Information supplied –
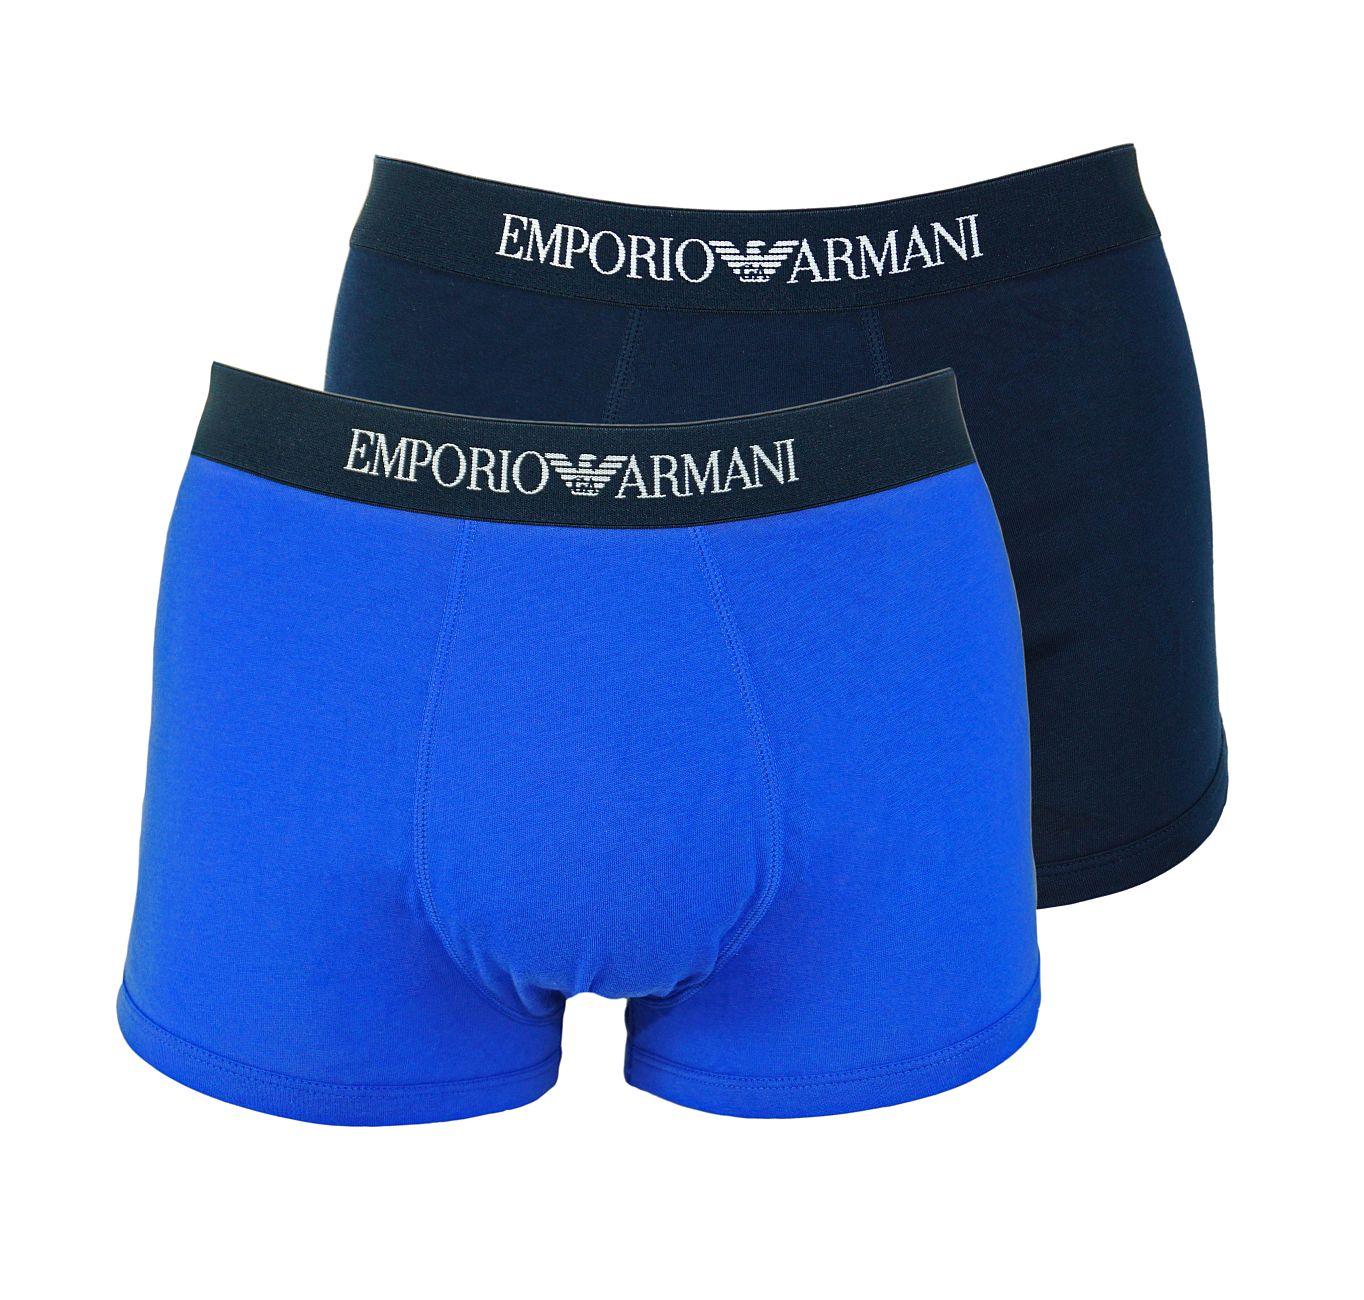 Emporio Armani 2er Pack Trunk Shorts 111613 8P722 50035 MARINE/ULTRAMARINE F18-EAT1
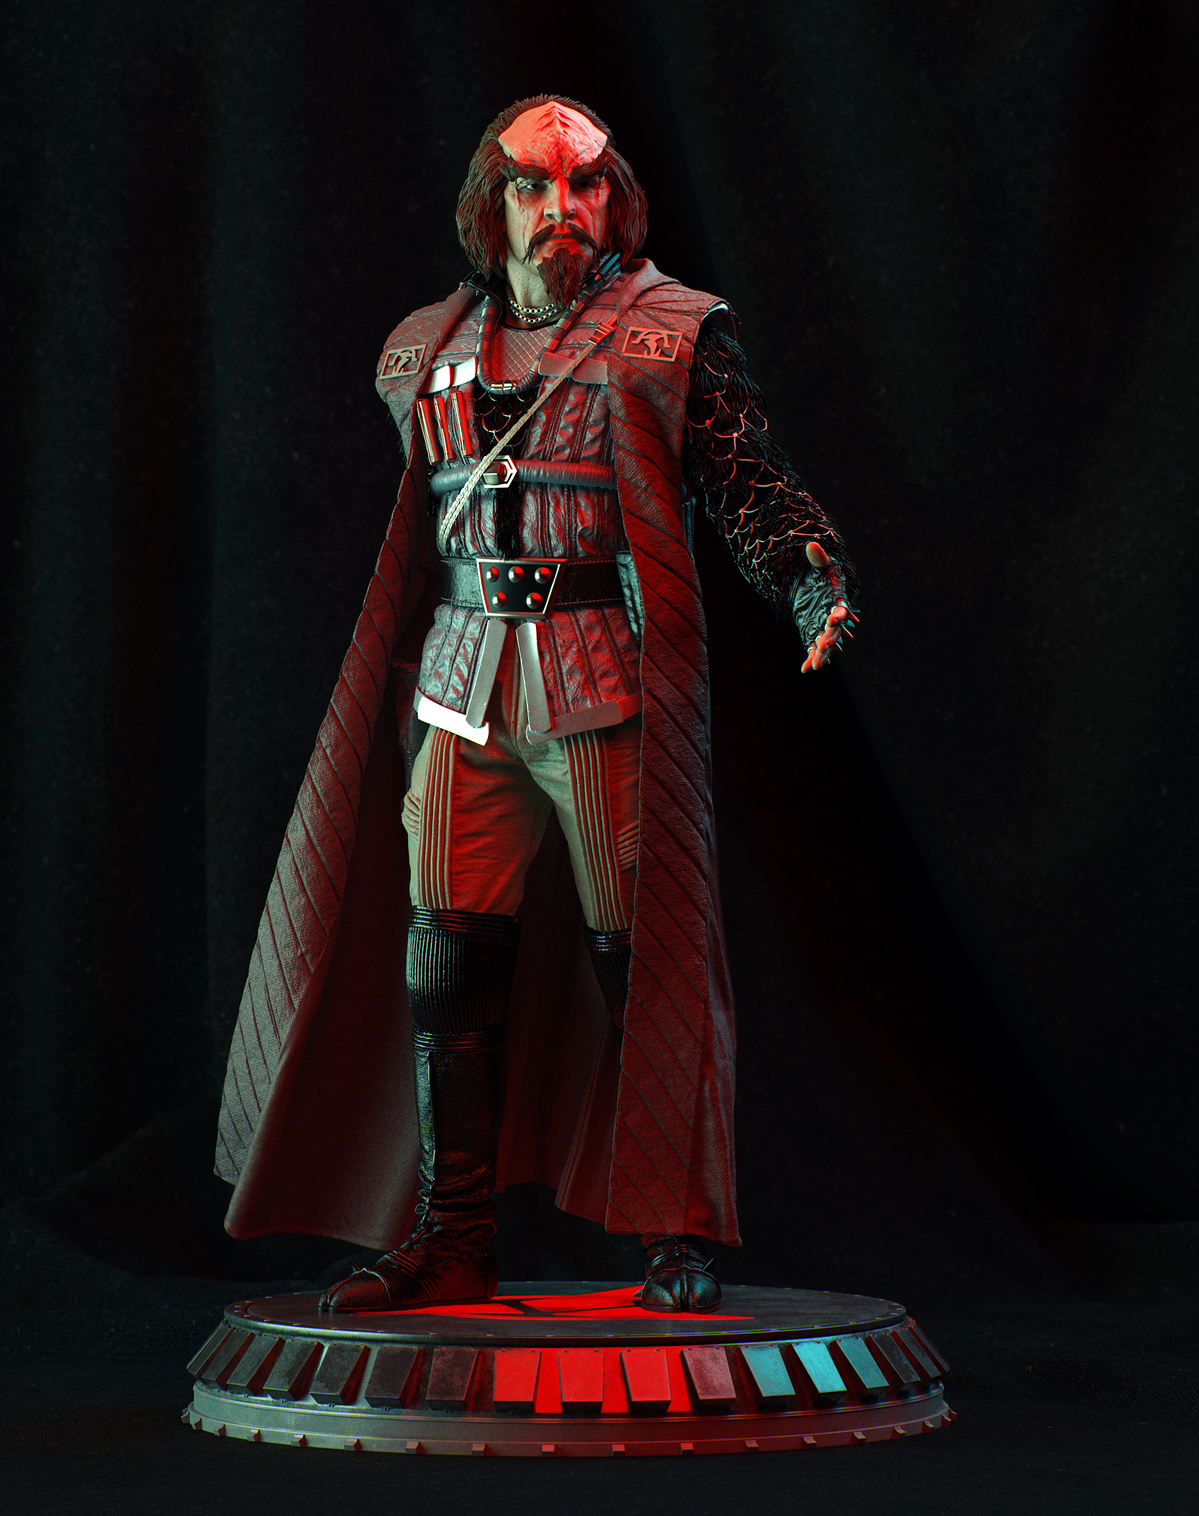 Klingon_Red_5
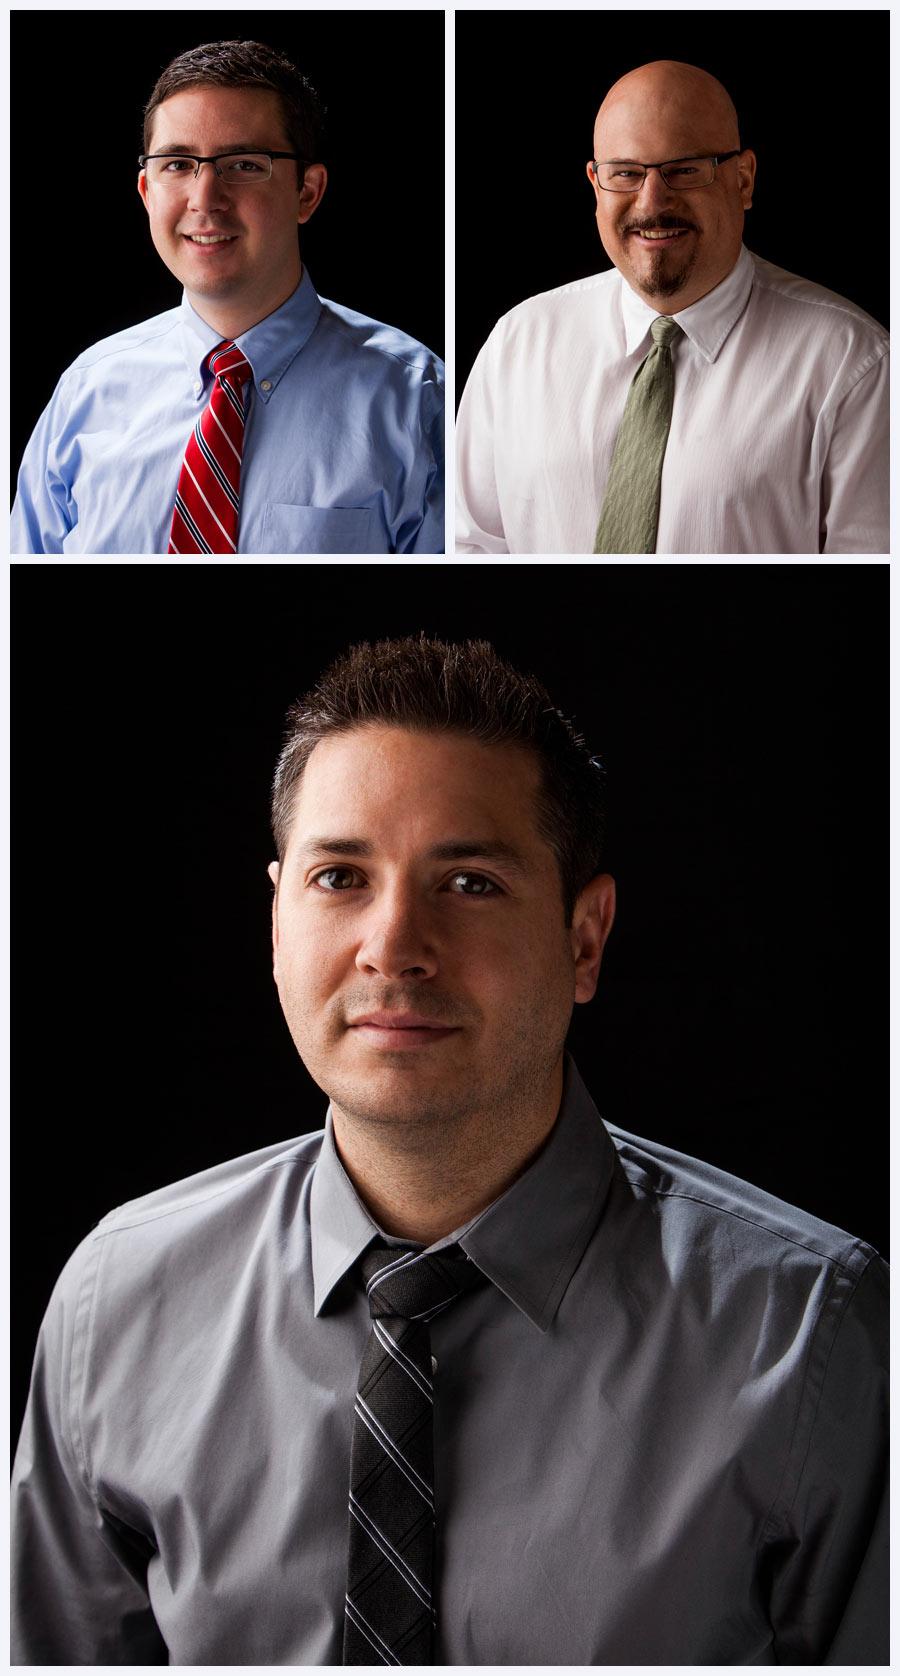 Tucson Photographer Innova Group Professional Portrait Session

Exercise requirements – For this exercise, return the data above exactly and leave every picture out.

Solved problem –
 Emporio Armani 2er Pack Trunk Shorts 111613 8P722 50035 MARINE/ULTRAMARINE F18-EAT1
 Klingon_Red_5
 Tucson Photographer Innova Group Professional Portrait Session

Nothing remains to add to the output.